» Material provided

----------

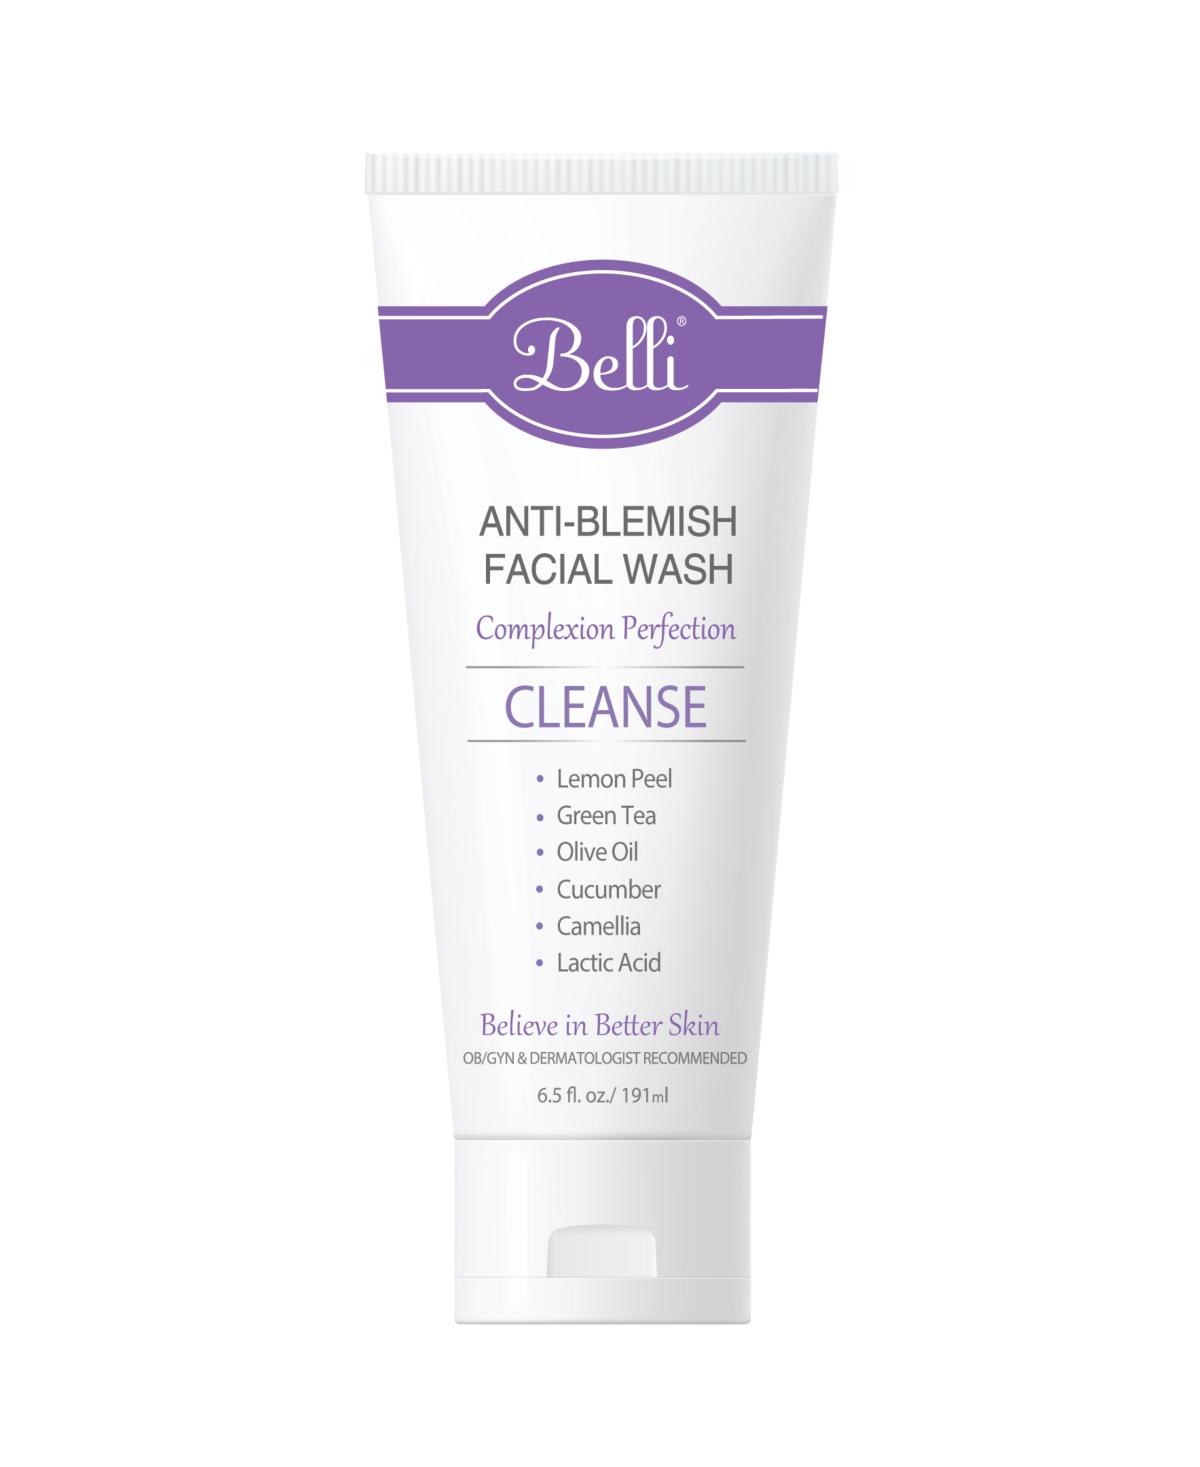 Belli Skin Care Anti-Blemish Facial Wash, 6.5 fl oz
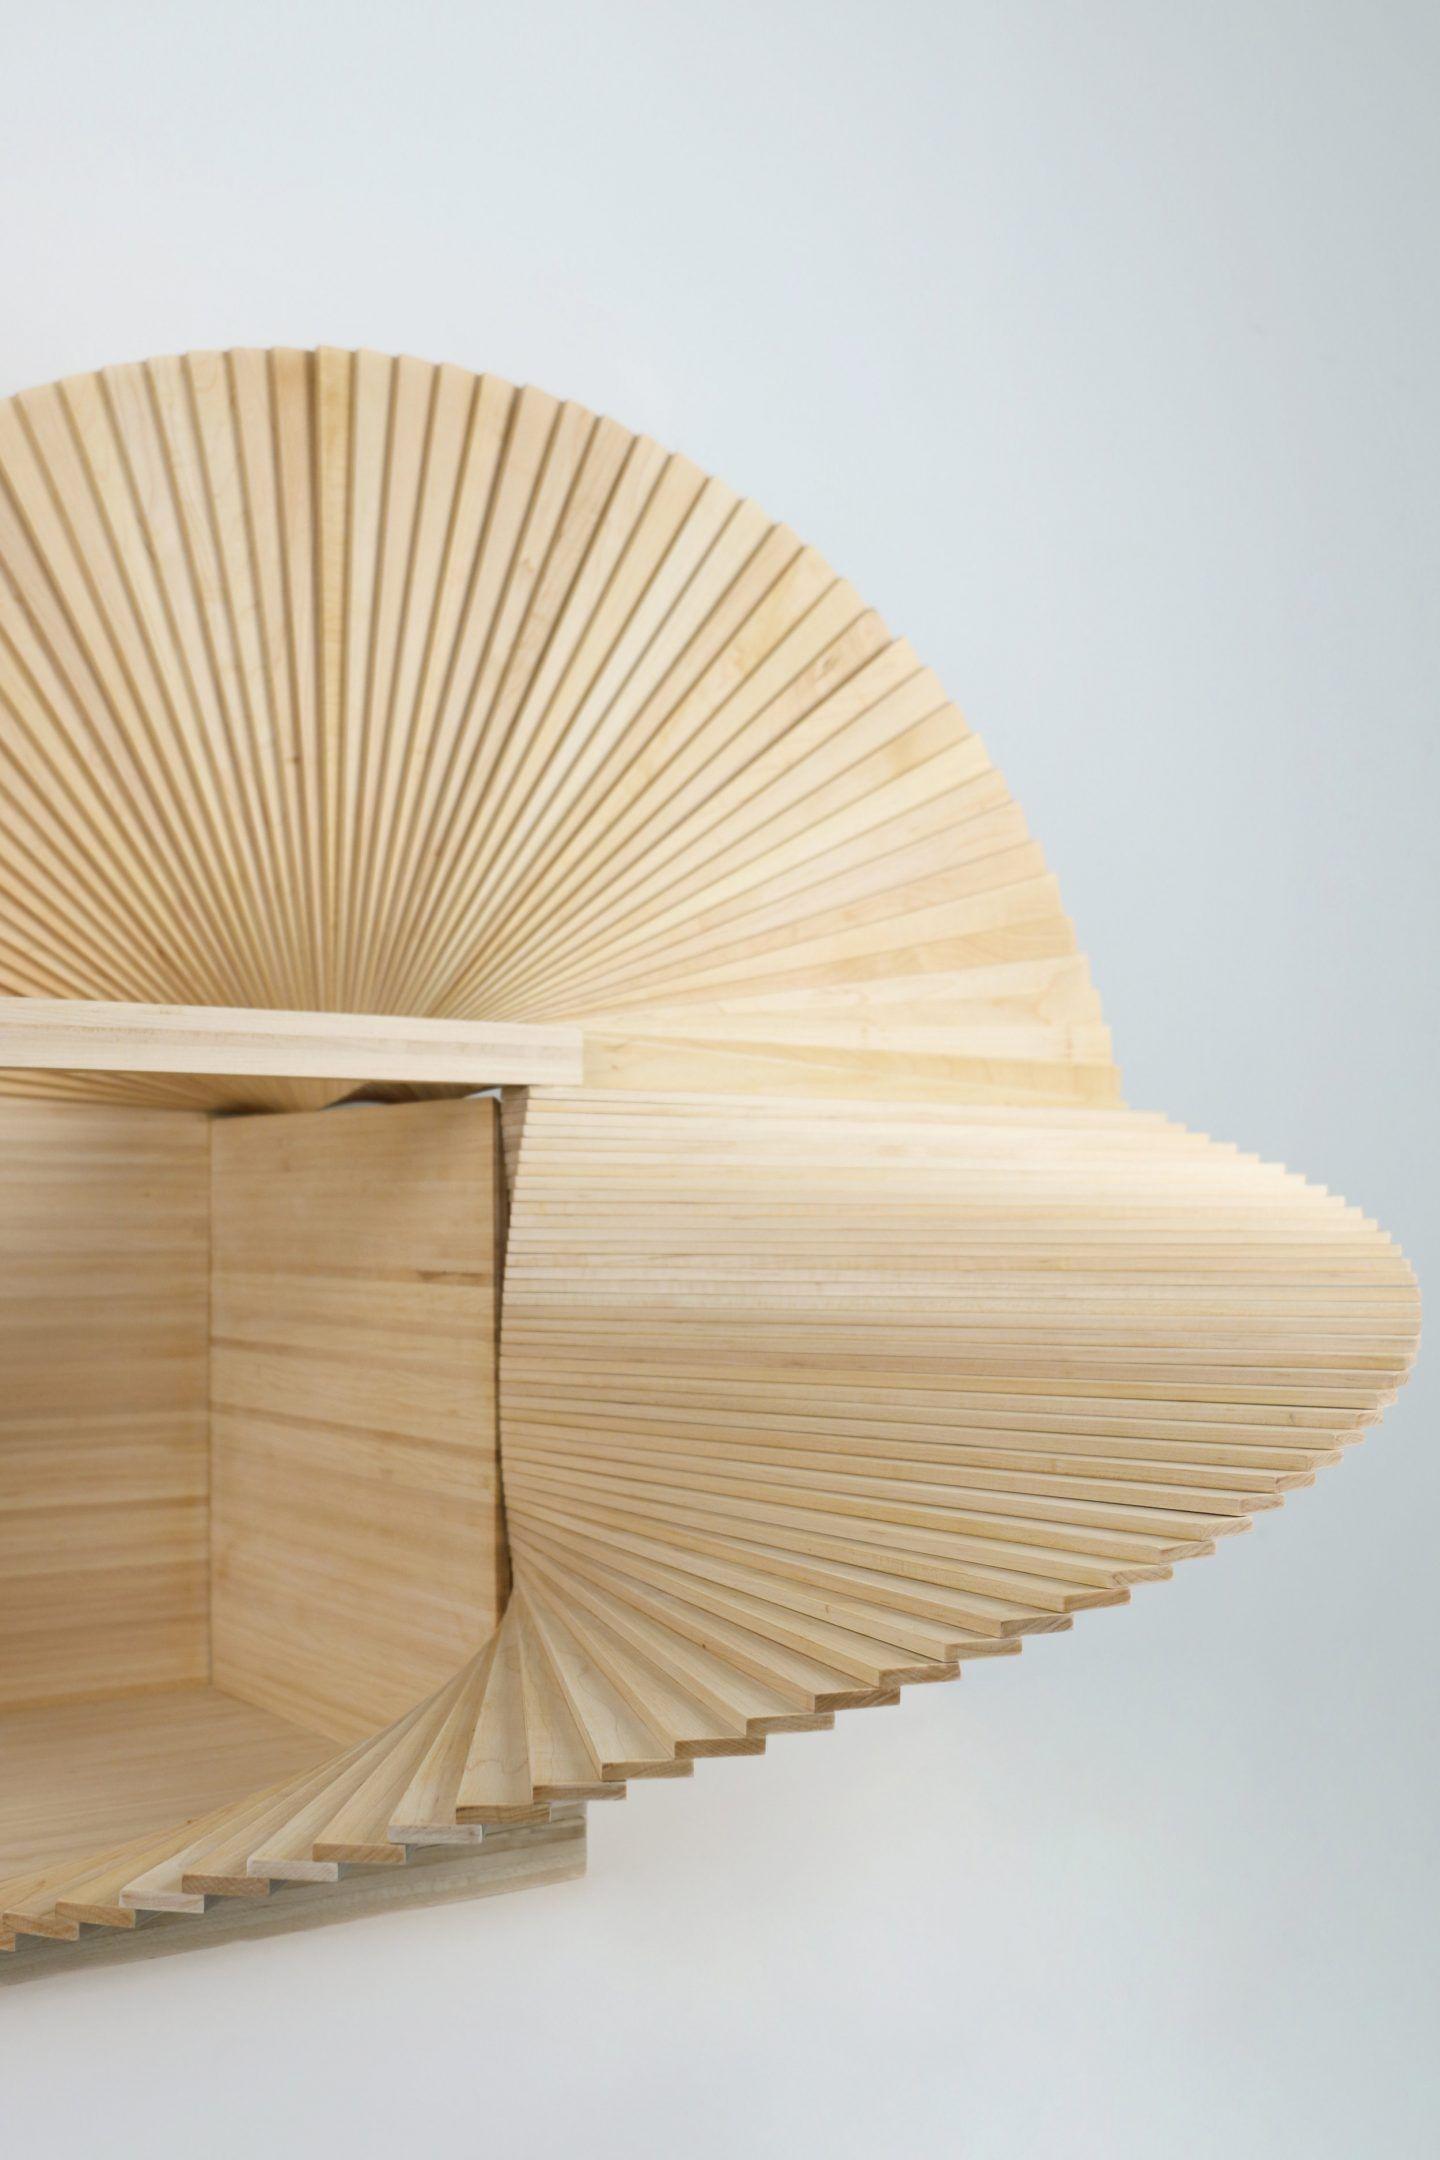 IGNANT-Design-Sebastian-Errazuriz-Cabinet-008
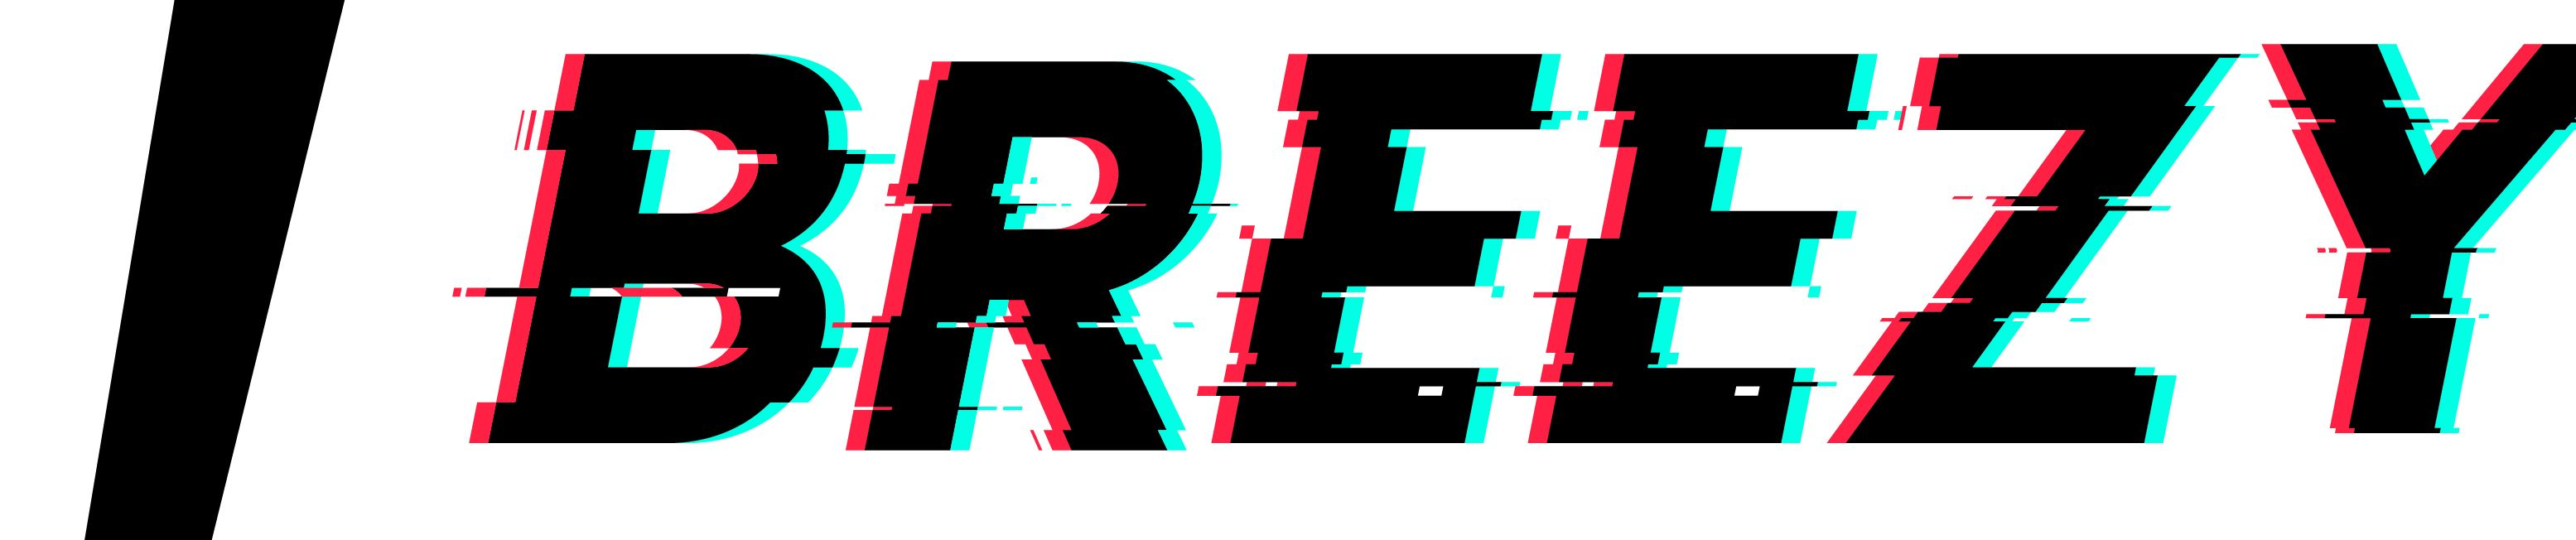 DJ Seth Breezy   Free Listening on SoundCloud

----------

» Task directions
The expected output is the material above, repeated exactly and free of pictures.

» Response for this exercise
 Belli Skin Care Anti-Blemish Facial Wash, 6.5 fl oz
 IGNANT-Design-Sebastian-Errazuriz-Cabinet-008
 DJ Seth Breezy   Free Listening on SoundCloud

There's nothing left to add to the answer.